🏆 Google Surprisingly released Gemini 2.0 Flash Thinking, a New “Reasoning” and “Thinking” model

Gemini 2.0's Flash Thinking, 4D physics breakthroughs, ChatGPT's app integrations, ModernBERT's advances, and NVIDIA-Apple collaboration reshape AI landscape.

Dec 19, 2024

Read time: 9 min 25 sec

⚡In today’s Edition (19-Dec-2024):

🏆 Google Surprisingly released Gemini 2.0 Flash Thinking, a New “Reasoning” and “Thinking” model
⚡New Groundbreaking 4D Physics Engine Revolution arrived, Write text, Get Instant physics
🔭 OpenAI announced its ChatGPT desktop apps can now work with Xcode, Warp, Notion, Apple and ~30 more, so it can see, understand, and automate your work in other apps.
📡A new BERT, ModernBERT is open-sourced, that overhauls traditional encoder models with 8K sequence support and 2-3x faster processing while maintaining BERT's practical simplicity.
🛠️ NVIDIA collaborated with Apple to bring up to 2.7x throughput boost on H100 GPUs for production-scale models.

🧑‍🎓 Top Lecture

🧠 AI Godmother Fei-Fei Li Has a Vision for Computer Vision

Connect with me on X (Twitter)

🏆 Google Surprisingly released Gemini 2.0 Flash Thinking, a New “Reasoning” and “Thinking” model

🎯 The Brief

Google DeepMind surprises everyone and launches a new “Thinking” and “Reasoning” model named Gemini-2.0-Flash-Thinking-exp. It based on Flash architecture with enhanced reasoning capabilities, achieving #1 rank across all Chatbot Arena categories. 32k context window

⚙️ The Details

→ The model introduces thought-based reasoning mechanisms integrated into the Flash architecture framework, representing a significant advancement in model architecture design. The implementation maintains 32k context window while optimizing for both speed and reasoning performance.

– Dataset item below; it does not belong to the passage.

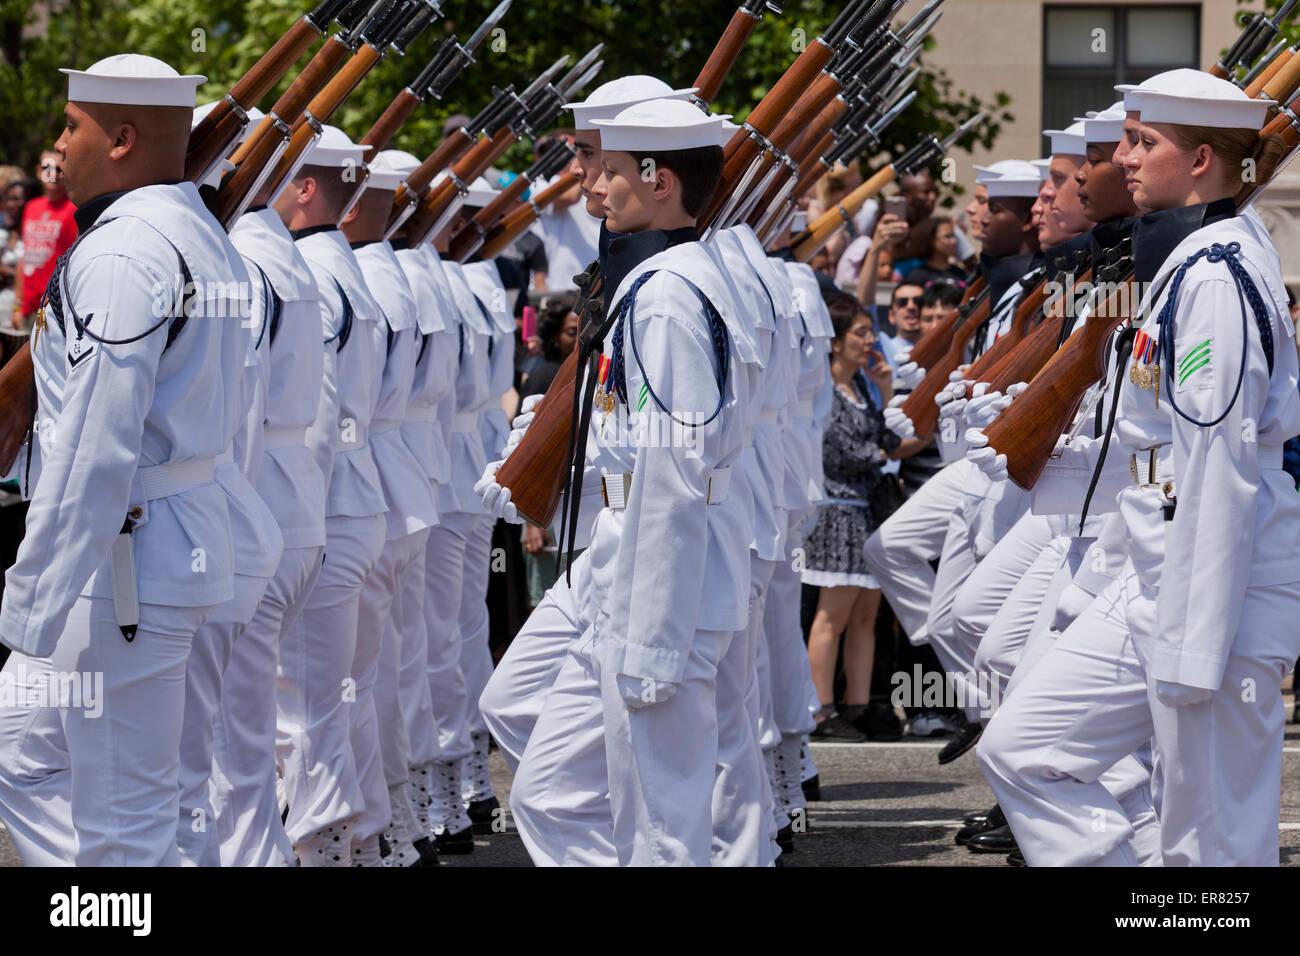 Us Navy Ceremonial Guard Drill Team Marching In Memorial Day - Us-navy-ceremonial-guard

→ Currently deployed on Google AI Studio with no internet access functionality as of now, the model demonstrates superior performance metrics across all evaluation categories in Chatbot Arena benchmarks, suggesting robust generalization capabilities and enhanced reasoning pathways.

→ The model shows remarkable advancement from its predecessor (Gemini-2.0-Flash), moving from #3 to #1 in overall rankings. Performance metrics reveal comprehensive improvements across specialized domains, particularly in math and creative writing tasks, where it climbed from #2 to #1.

→ Most striking improvements appear in Hard Prompts and Vision categories, where despite already holding #1 positions, the model achieved substantial point gains (+14 and +16 respectively). The Style Control category saw significant progress, jumping from #4 to #1, indicating enhanced versatility in response generation.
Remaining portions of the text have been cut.